Test run for new prison: 55 lawyers are voluntarily imprisoned in Belgium

In Belgium, 55 judges and prosecutors are learning about life behind bars first hand.

Test run for new prison: 55 lawyers are voluntarily imprisoned in Belgium

In Belgium, 55 judges and prosecutors are learning about life behind bars first hand. Before the opening of a new prison, they will be incarcerated there under realistic conditions. But there is one major difference to the future prisoners.

In Belgium, 55 judges and prosecutors volunteered to be imprisoned in order to experience the prison conditions first-hand. They are to be treated there like prisoners until Sunday afternoon, according to the Belgian Minister of Justice, Vincent Van Quickenborne. The detention should be made as realistic as possible, it said in a statement.

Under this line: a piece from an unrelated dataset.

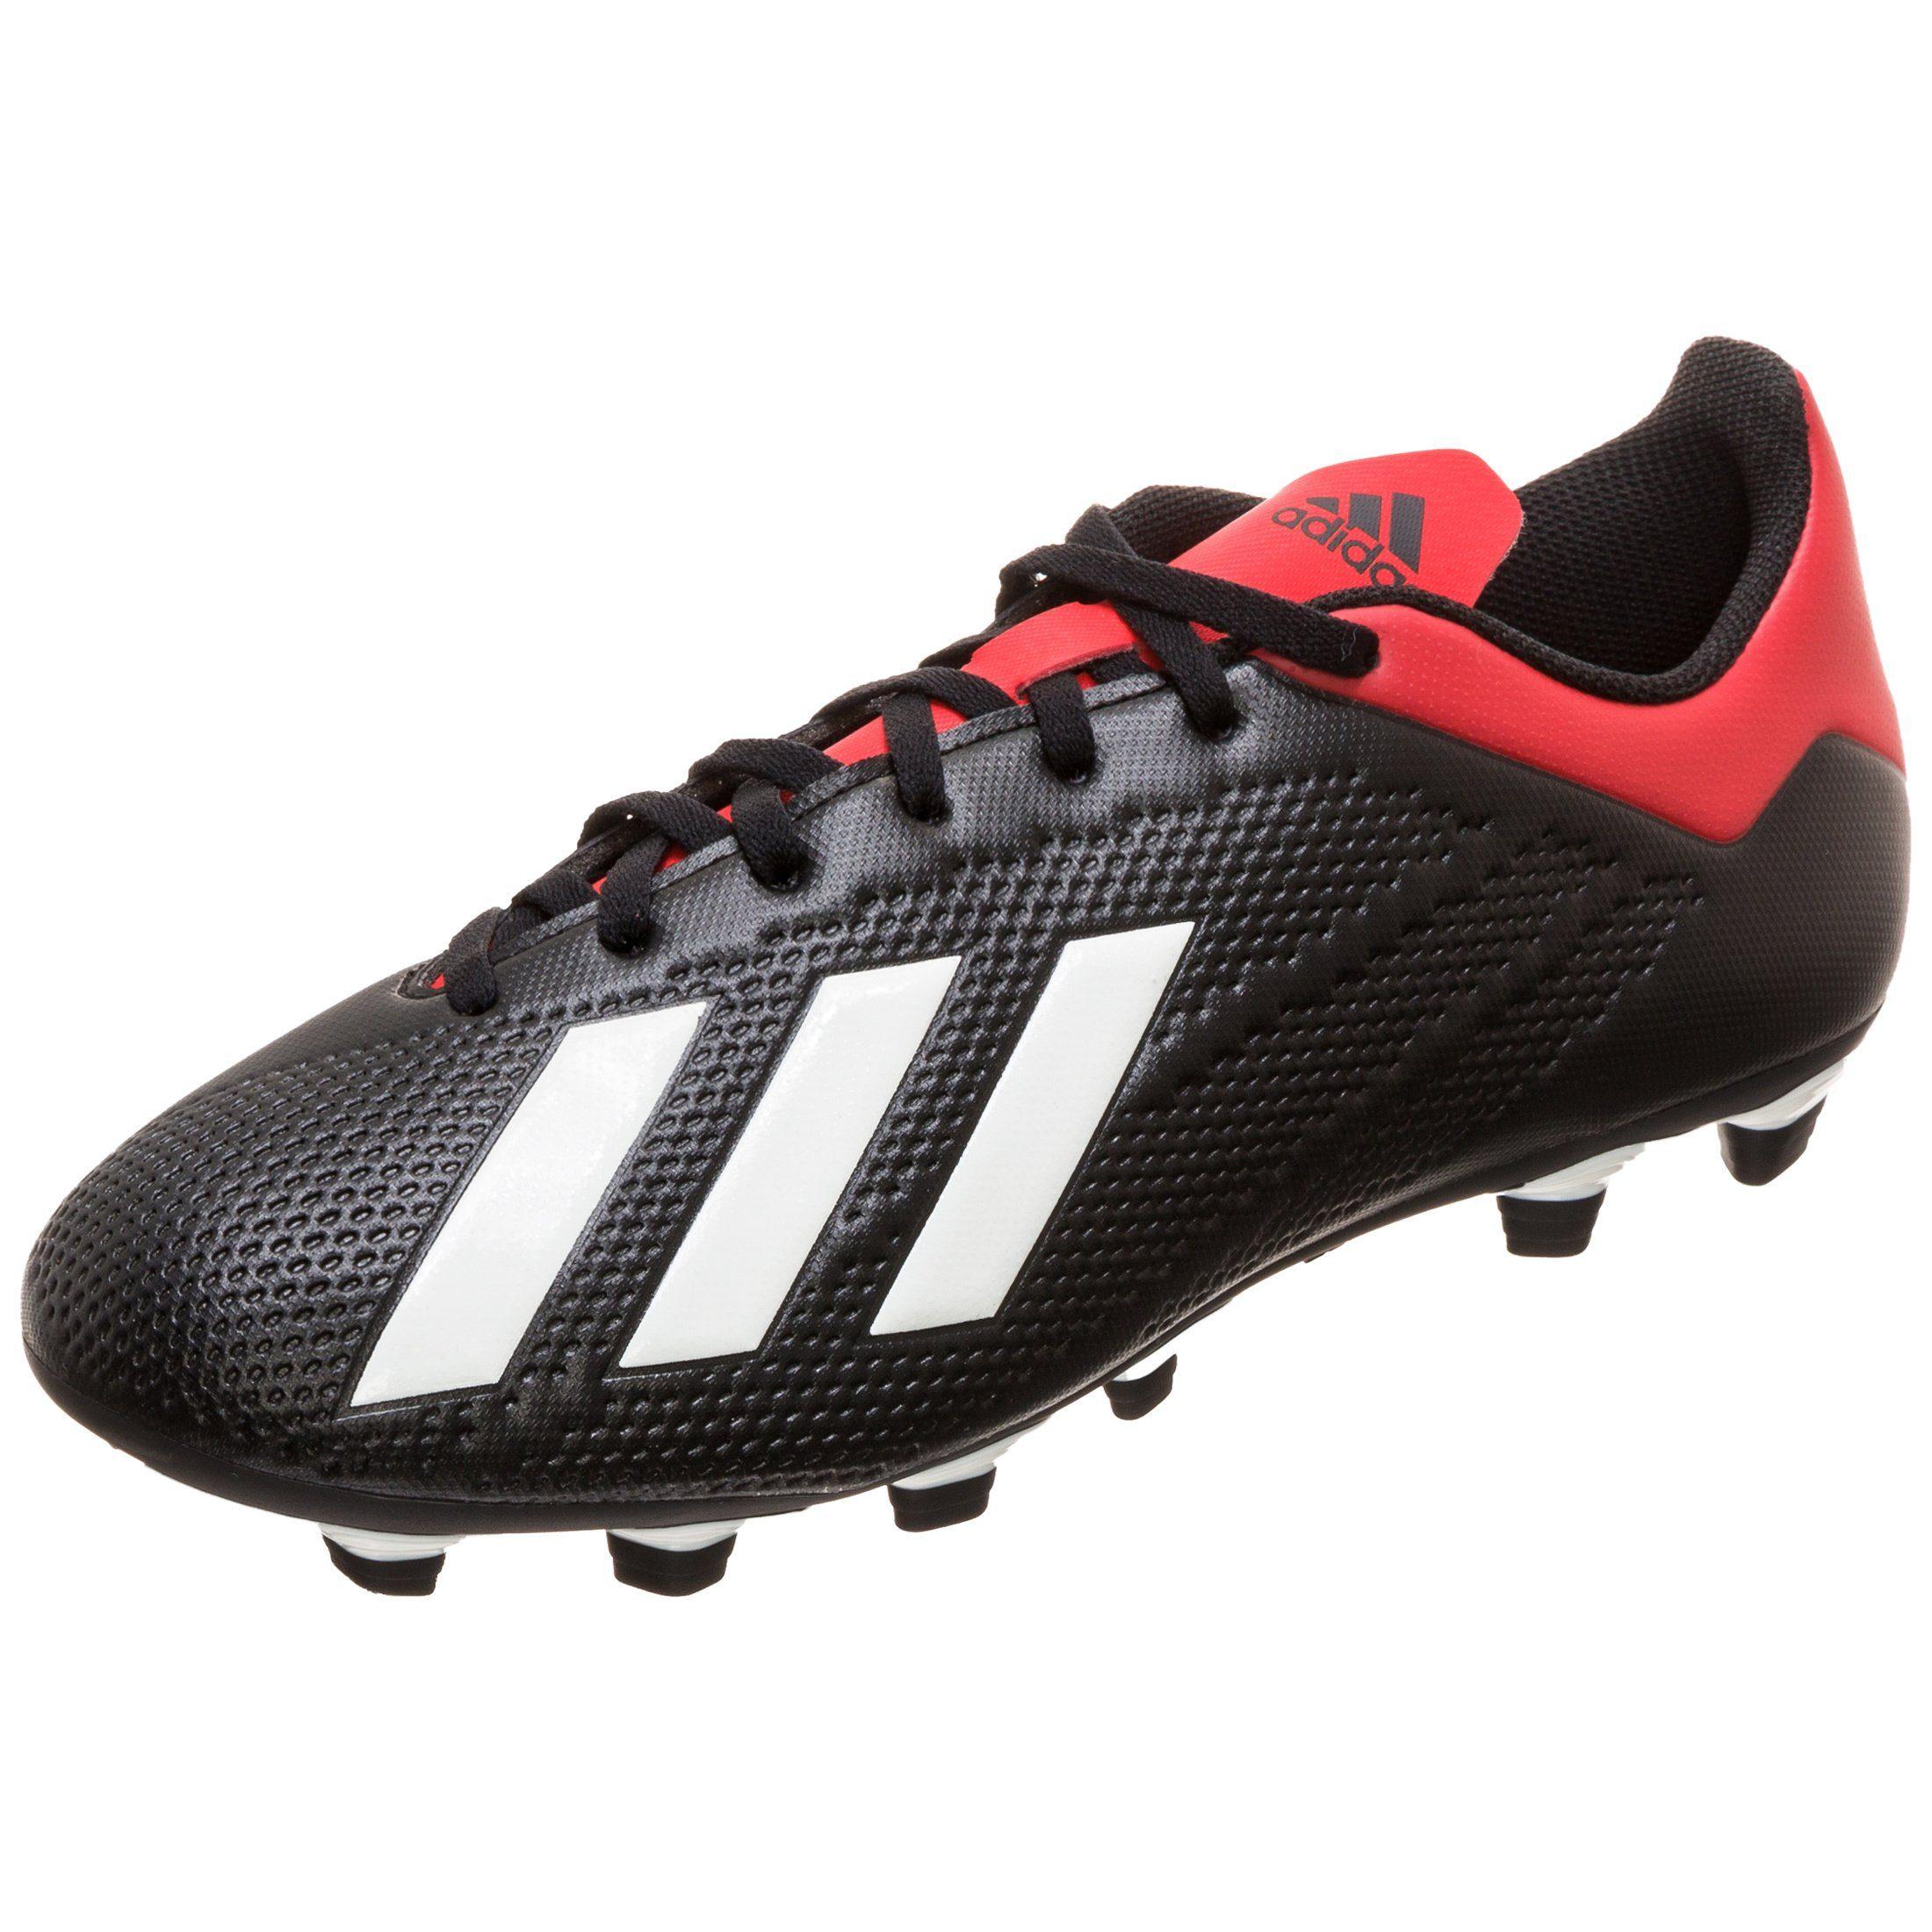 adidas Performance Fußballschuh X 184 Preisvergleich
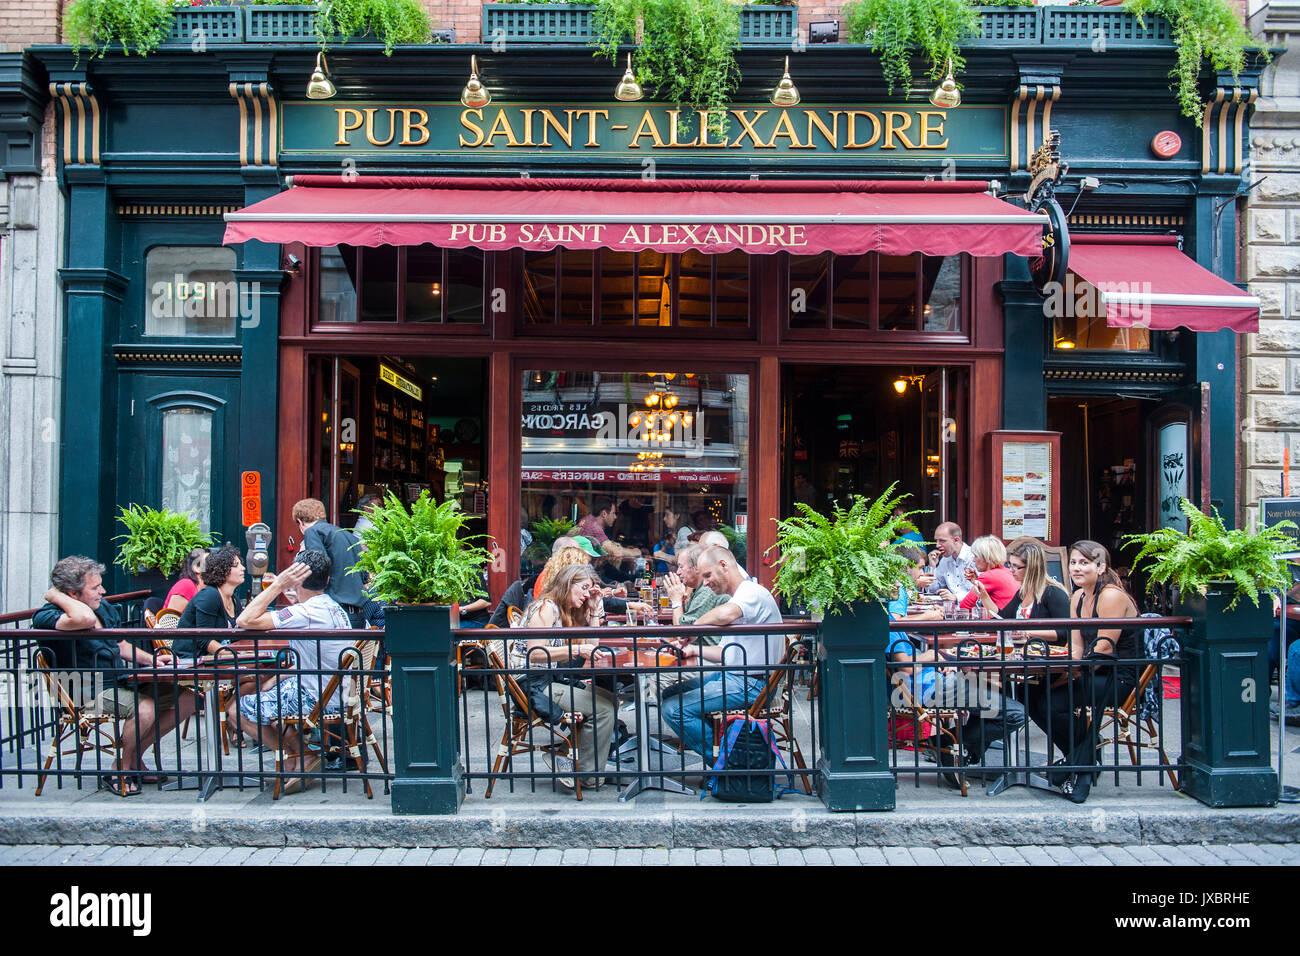 People in street restaurant, Quebec City, Quebec, Canada - Stock Image

"Of course the judges and prosecutors know how prison works," said Van Quickenborne. However, experiencing this for yourself can help law enforcement officials to impose well-founded sentences.

The experiment is taking place in the town of Haren in the Brussels region, where a new prison for almost 1,200 prisoners is due to open at the end of September. According to Van Quickenborne, the campaign gives prison staff an opportunity to prepare for work at the facility.

The judges and prosecutors volunteered for the experiment, according to the statement. They must obey the prison staff's instructions and are not allowed to use their cell phones. Family visits, on the other hand, may be received as with real prisoners.

The 55 volunteers also have to do kitchen and laundry chores during their stay. The lights go out at 10 p.m., the Ministry of Justice said. Unlike real inmates, however, the volunteers can stop the experiment at any time - for example, if they "have trouble coping with being in prison."